The strengths of this research lie in its utilization of Seoul, a metropolis with a population of approximately ten million, as a case study, enabling the analysis of social and physical environmental characteristics typical of large urban areas. While depression research concerning the aging population traditionally focuses on socio-demographic attributes [14,15,16,17, 20, 64] and social support networks [12, 34, 39, 42, 65,66,67], this study aligns with the social-ecological model’s advocacy for systemic interventions addressing health across multiple levels. The research endeavors to inform tailored social policies and practices aimed at combating the high prevalence of depression among urban older adults by highlighting the specific attributes of Seoul’s urban landscape and aging demographic. Through these insights, the study aims to guide the development of the social-ecological model, promoting holistic approaches to enhance mental well-being in urban settings.

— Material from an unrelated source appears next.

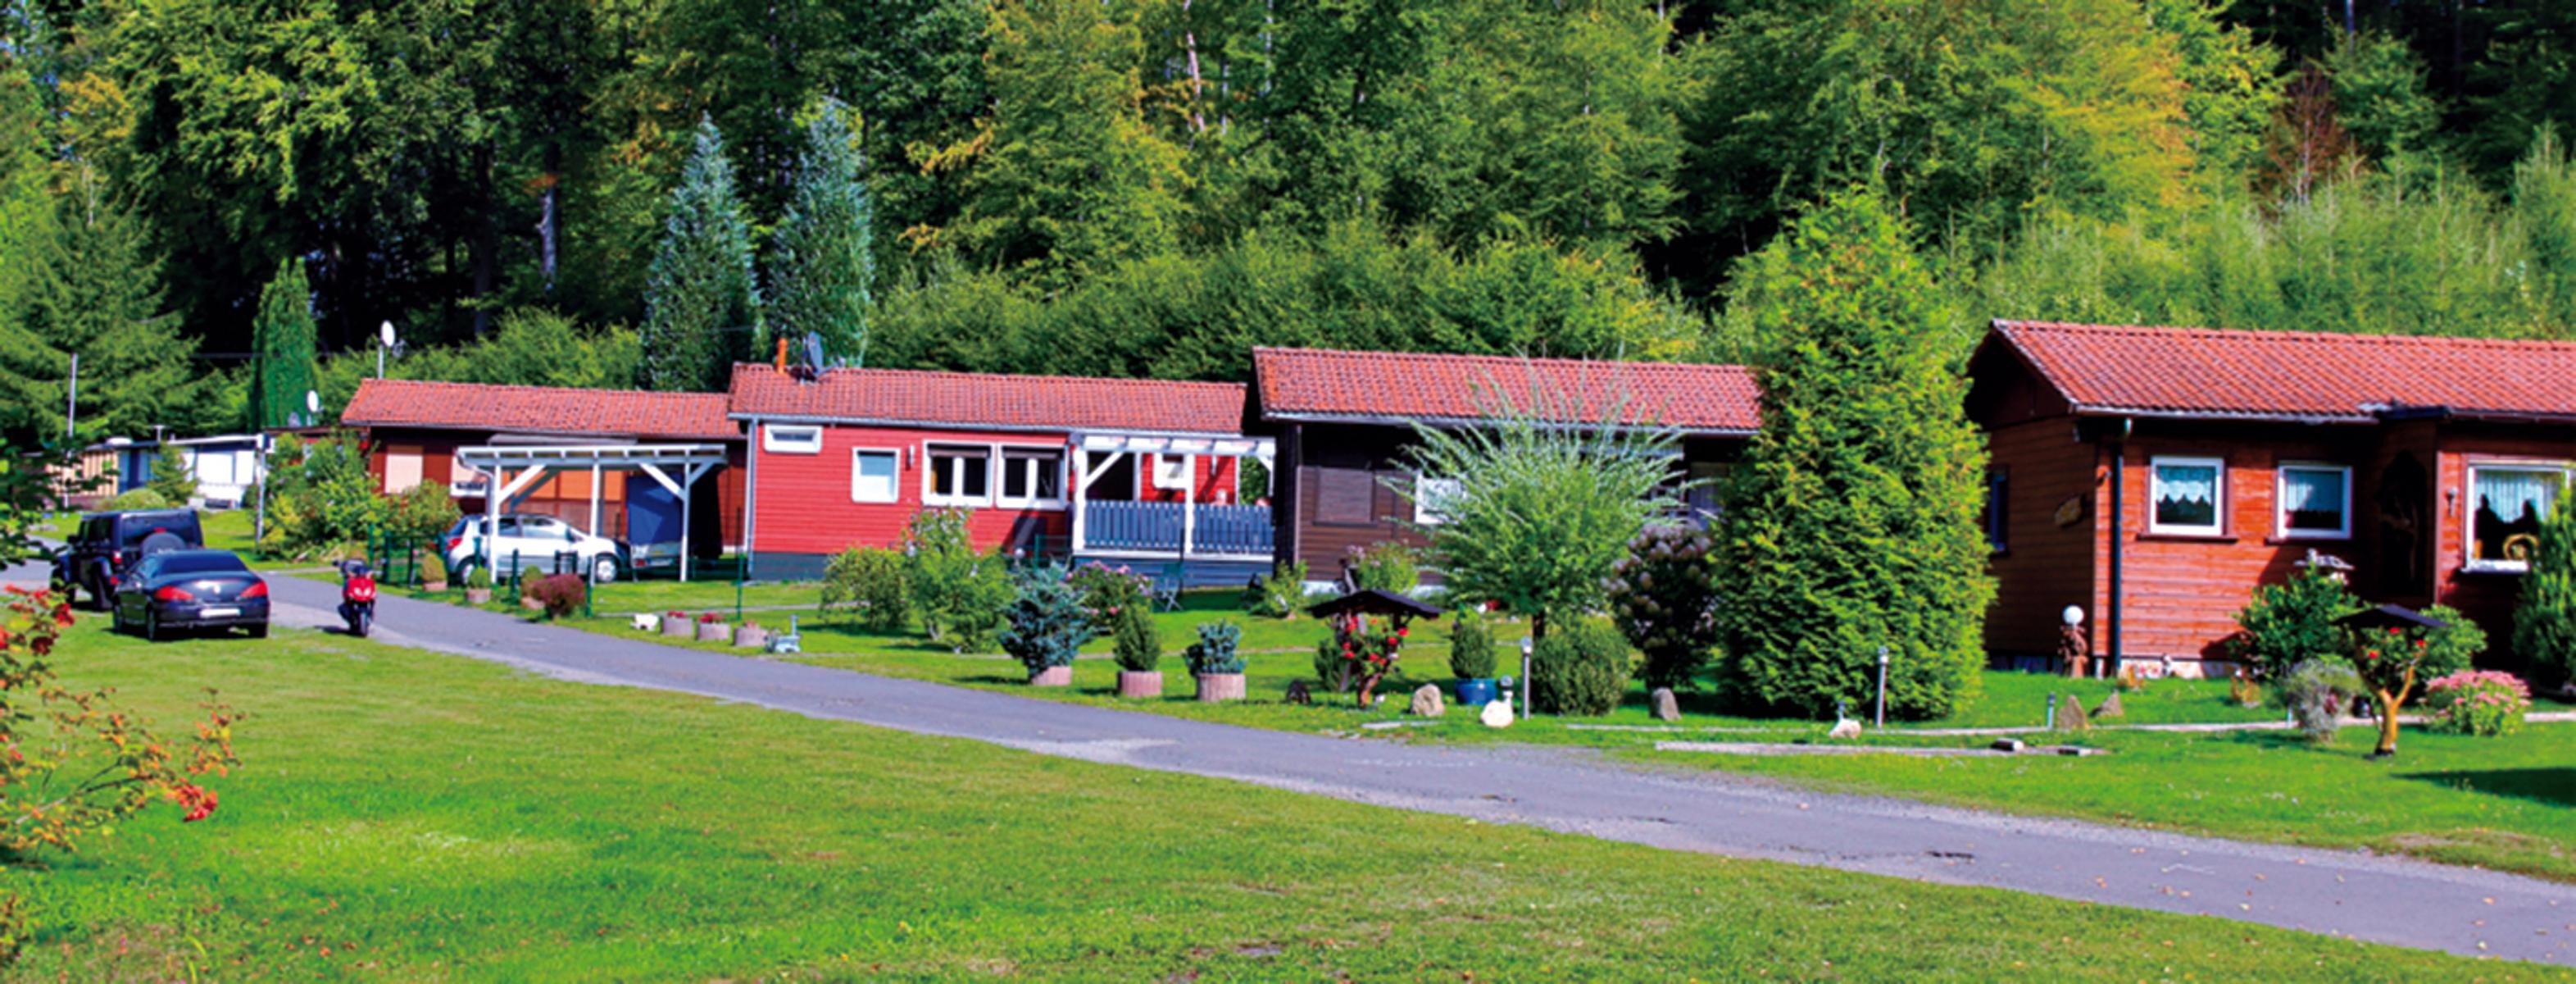 Inmitten herrlicher Natur befindet sich der Caravanpark im hessischen Laubach im Vogelsberg. Camper und Wohnmobilisten finden hier passende Plätze, auch in Bungalows kann übernachtet werden.

While this study suggests the need for interventions at the city level to address depression among urban older adults, it is essential to acknowledge its limitations. Firstly, the data in this study is representative of urban older adults without communication difficulties, as individuals with low cognitive or physical function were excluded from the Seoul Aging Survey. Secondly, the findings are derived solely from Seoul, Korea, warranting the need for comparative studies across various countries and regions to comprehensively assess factors contributing to depressive symptoms among urban older adults. Furthermore, the study lacks certain crucial variables that could offer a more comprehensive understanding of the research topic. For example, the dataset does not encompass variables related to significant life events in old age, such as the loss of a spouse or friend or the intricacies of social connections. More in-depth research is warranted to explore how specific indicators related to social relationships and digital competency, not addressed in this study, influence depressive symptoms among urban older adults.

Conclusion

The findings in this study illuminate the intricate interplay between individual, interpersonal, and environmental factors and their impact on depressive symptoms among urban older adults, aligning closely with the principles of the social-ecological model. Key determinants such as food security, access to medical care, digital literacy, and cultural engagement underscore the significance of considering multiple levels of influence on mental well-being within urban environments. Through the lens of the social-ecological model, interventions aimed at improving nutrition, enhancing digital competencies, fostering social connections, and ensuring access to cultural amenities emerge as crucial strategies for promoting health equity and reducing depression in urban older adults. The study highlights the interconnectedness of individual behaviors, social interactions, and environmental influences in shaping mental health outcomes, emphasizing the importance of holistic approaches rooted in the social-ecological model to enhance the overall quality of life for urban older adults.